Who understands the poem better? Who knows? One university has made its position fairly clear by banning research using the internet entirely, favouring the learning of authoritative facts rather than a mess of information provided by faceless individuals with unknown agendas.

 

But in defence of internet natives: we do know how to use the internet. Generally speaking, we know what information to distrust. Most of it, usually. We're not the people emailing our account details to fake banks. We're not the ones giving money to the nice Nigerian man who needs help with his sick child. We don't trust every piece of information and we sure as hell don't remember it for next time because, by then, it might have changed.

 

So this is why I do not recall a single useful thread of information while doing a quiz. I'm not dumb, my brain is just more modern than yours. I'm totally getting a T shirt.

 

Time Warp

Sometimes, when it comes to writing deadlines, time disappears. Half an hour, two days, a month.
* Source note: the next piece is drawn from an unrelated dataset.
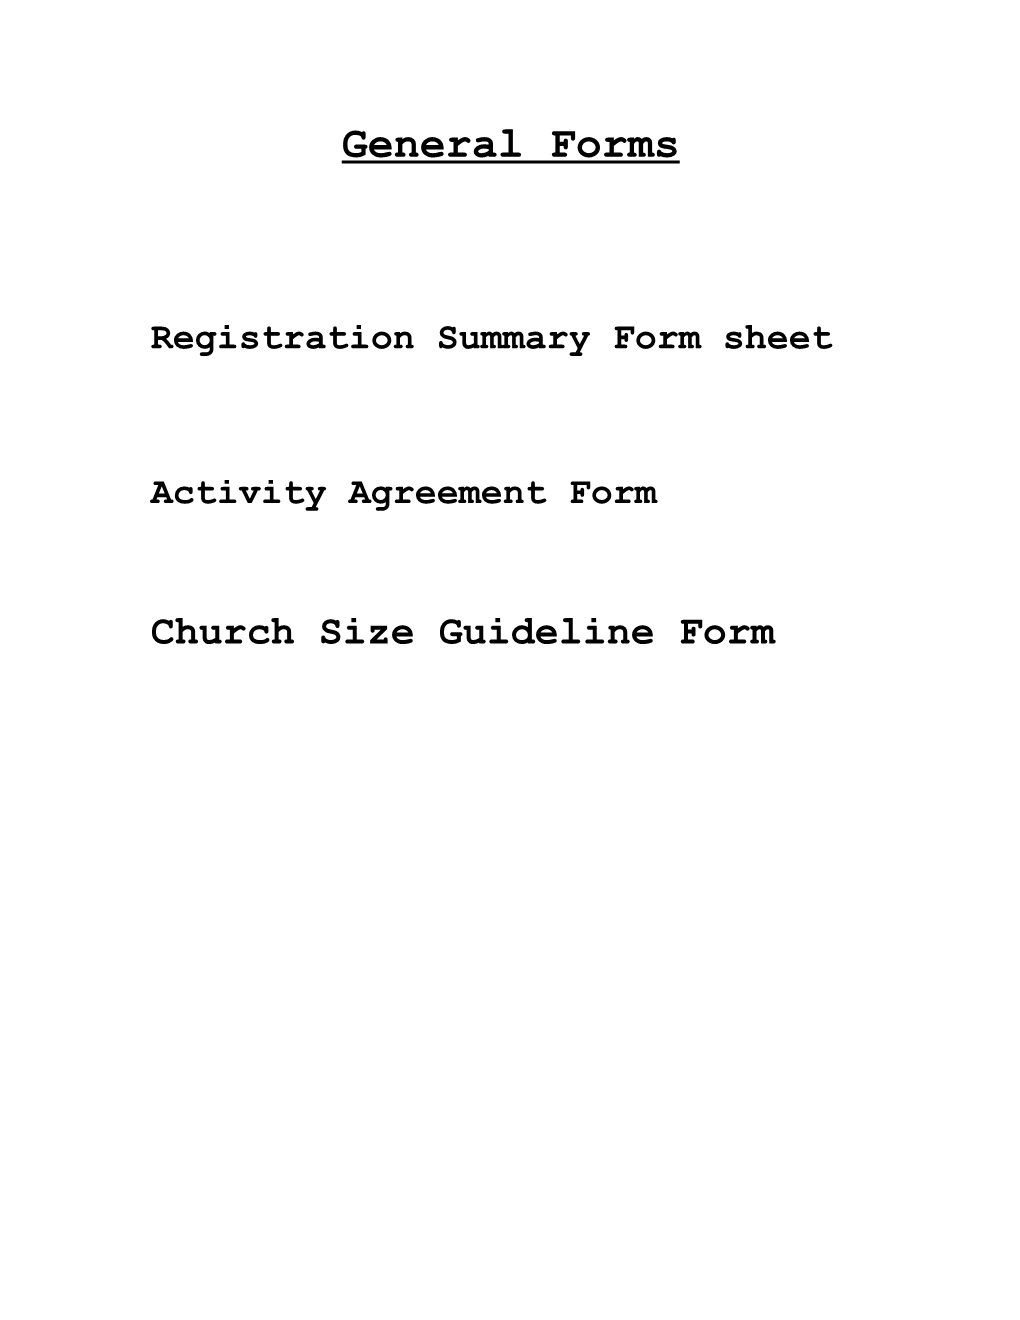 Registration Summary Form Sheet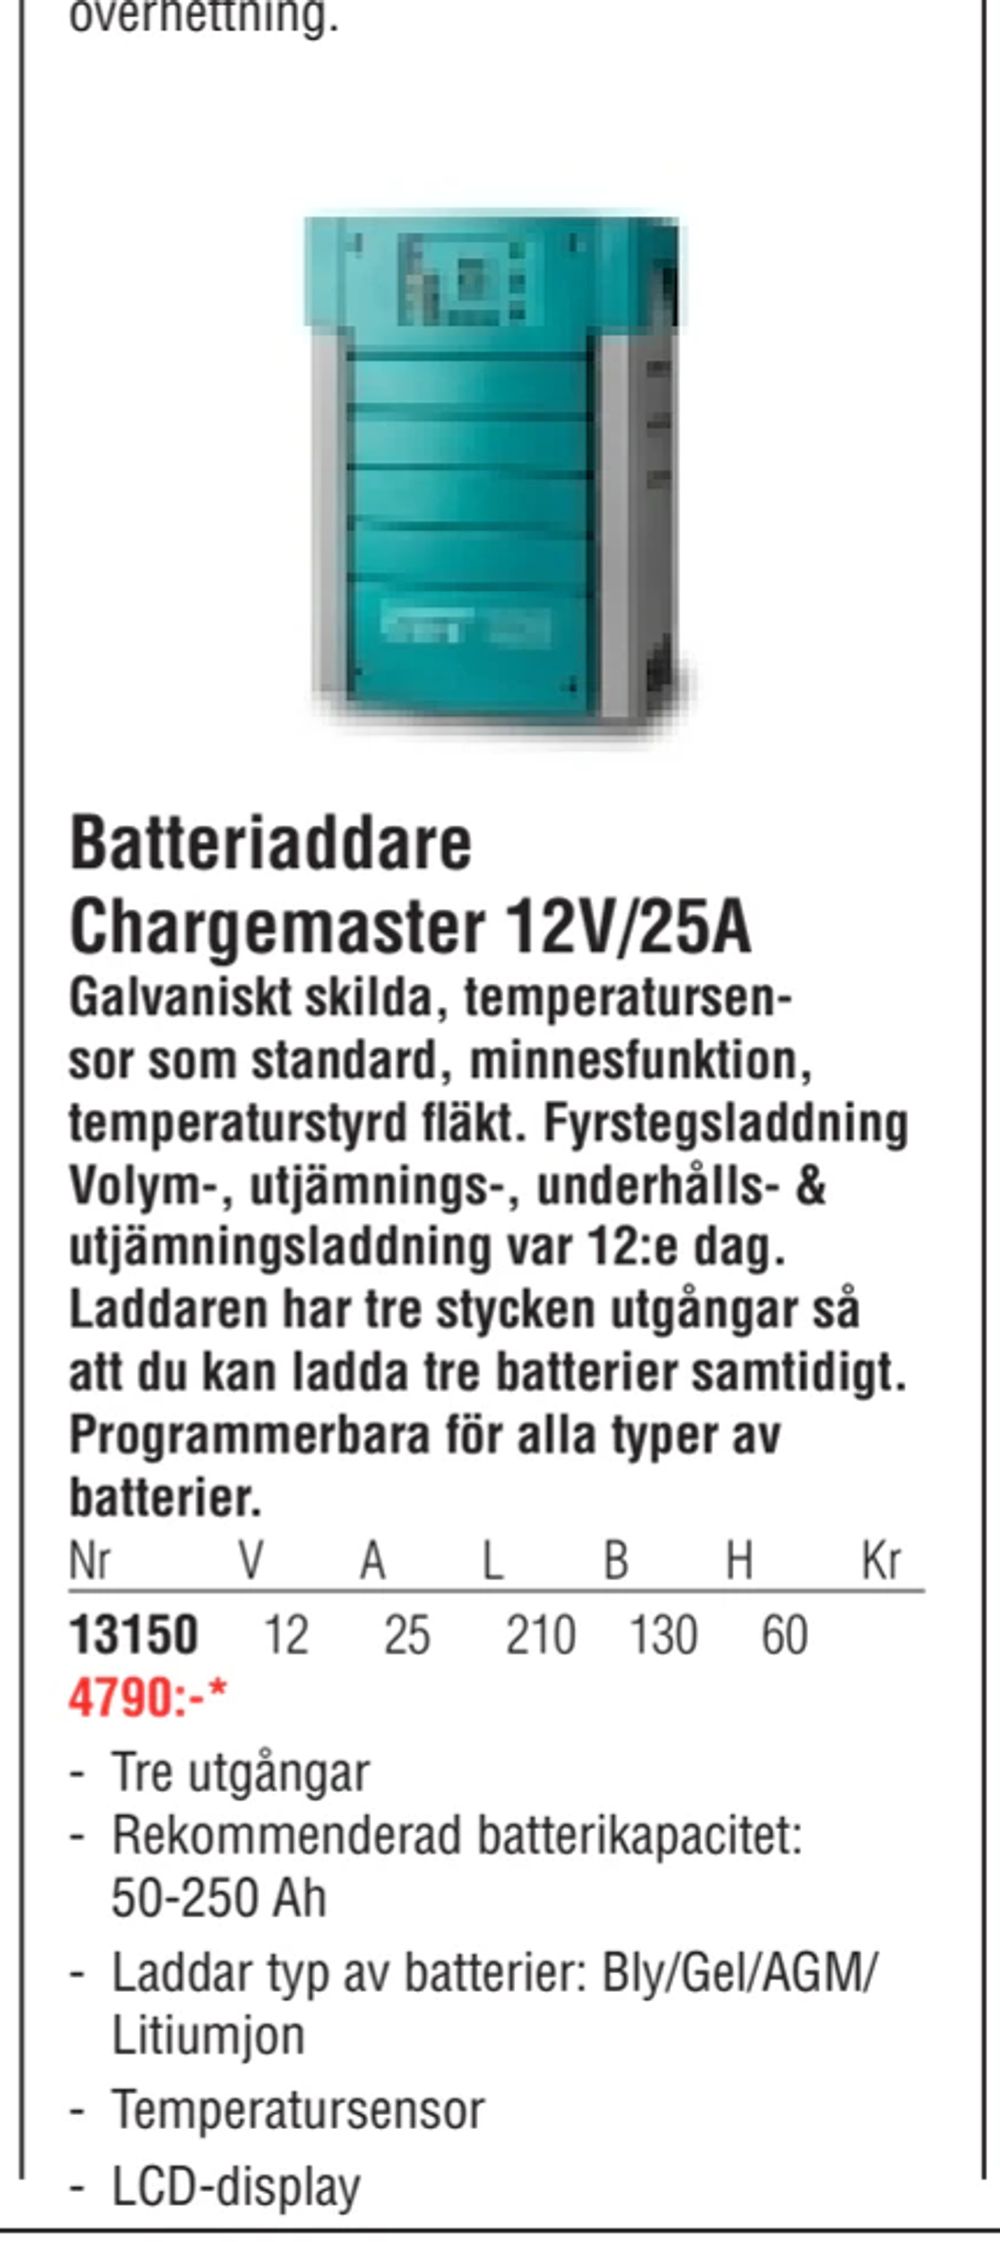 Erbjudanden på Batteriaddare Chargemaster 12V/25A från Erlandsons Brygga för 4 790 kr

This last time, I had a deadline during which one of my oldest friends gave birth to an actual human being. That really does tend to put things into perspective. 

 

Anyway.

 

Thing is, when you write a big bunch of stuff every day and your entire brain is consumed with this one, lonely idea you're working on, you know what? You don't write much else. You don't have much else to say. You don't, for instance, write an awful lot on your website. Or, you know, anything at all. But the two deadlines I've been working towards have now come to their crushing, painful conclusions and here I am, faced anew with fresh deadlines and a sense of hope. THIS TIME I'm going to be organised, clever, hilarious and the queen of the multitask.

 

I'll let you know how that goes for me.

 

Meanwhile, check out the next issue of the Big Issue. There's a slight possibility I am right up the back of it. Where all the cool kids hang out.

A Room of One's Own

I do love the concept of a writer flourishing with merely a modest wage and a Room of Her Own. It's a lovely idea, and it's true, of course. 

 

However, I believe it could be more true.

 

5 Proposed Requirements to be added to the List of Things Writers Need In Order To Write Without Hinderance:

 

1. Interesting stationery. Whether it's a pen, a new computer program, a spunky little notebook, or even a pencil sharpener that renders a pencil more pleasing to use: as a writer, I am much more productive when I am interested in the media/process. If this implies that I am not interested, while writing, in the outcome, and that in fact the outcome (my own writing) bores me almost beyond comprehension, then I can only apologise for this appalling misrepresentation.

 

2. Copious amounts of food. Again, the more novelty value the food has ("Ooooh! Cheese wheels with pictures of cartoon animals on them that are obviously designed for children's lunchboxes!") the more one can be convinced that a cheese-wheel is as good as a holiday and one doesn't need to go outside and rediscover the real world. 

 

3. A butler. Preferably one who doesn't think "I know! I'll make a cup of tea!" and then promptly forget this original intention and emerge, two hours later, having de-iced the freezer with a butter knife and cleaned the floor with the aid of a toothbrush.

 

4. Access to all media - internet, television, radio, books - but only (and perhaps this is a bit Harry Potter, but surely someone can have it arranged) after a series of tests verifying a real and urgent need to be informed, as opposed to a perceived real and urgent need, these things not necessarily being distinguishable during the process of writing.

 

5. A trampoline. I am of the opinion that brief periods of trampolining during one's writing day would solve many of the problems associated with sitting still in the one place, thinking about the one thing, and going completely mental due to lack of stimulus.

 

The sooner these proposals are introduced into some kind of legislation, the better for the state of the nation.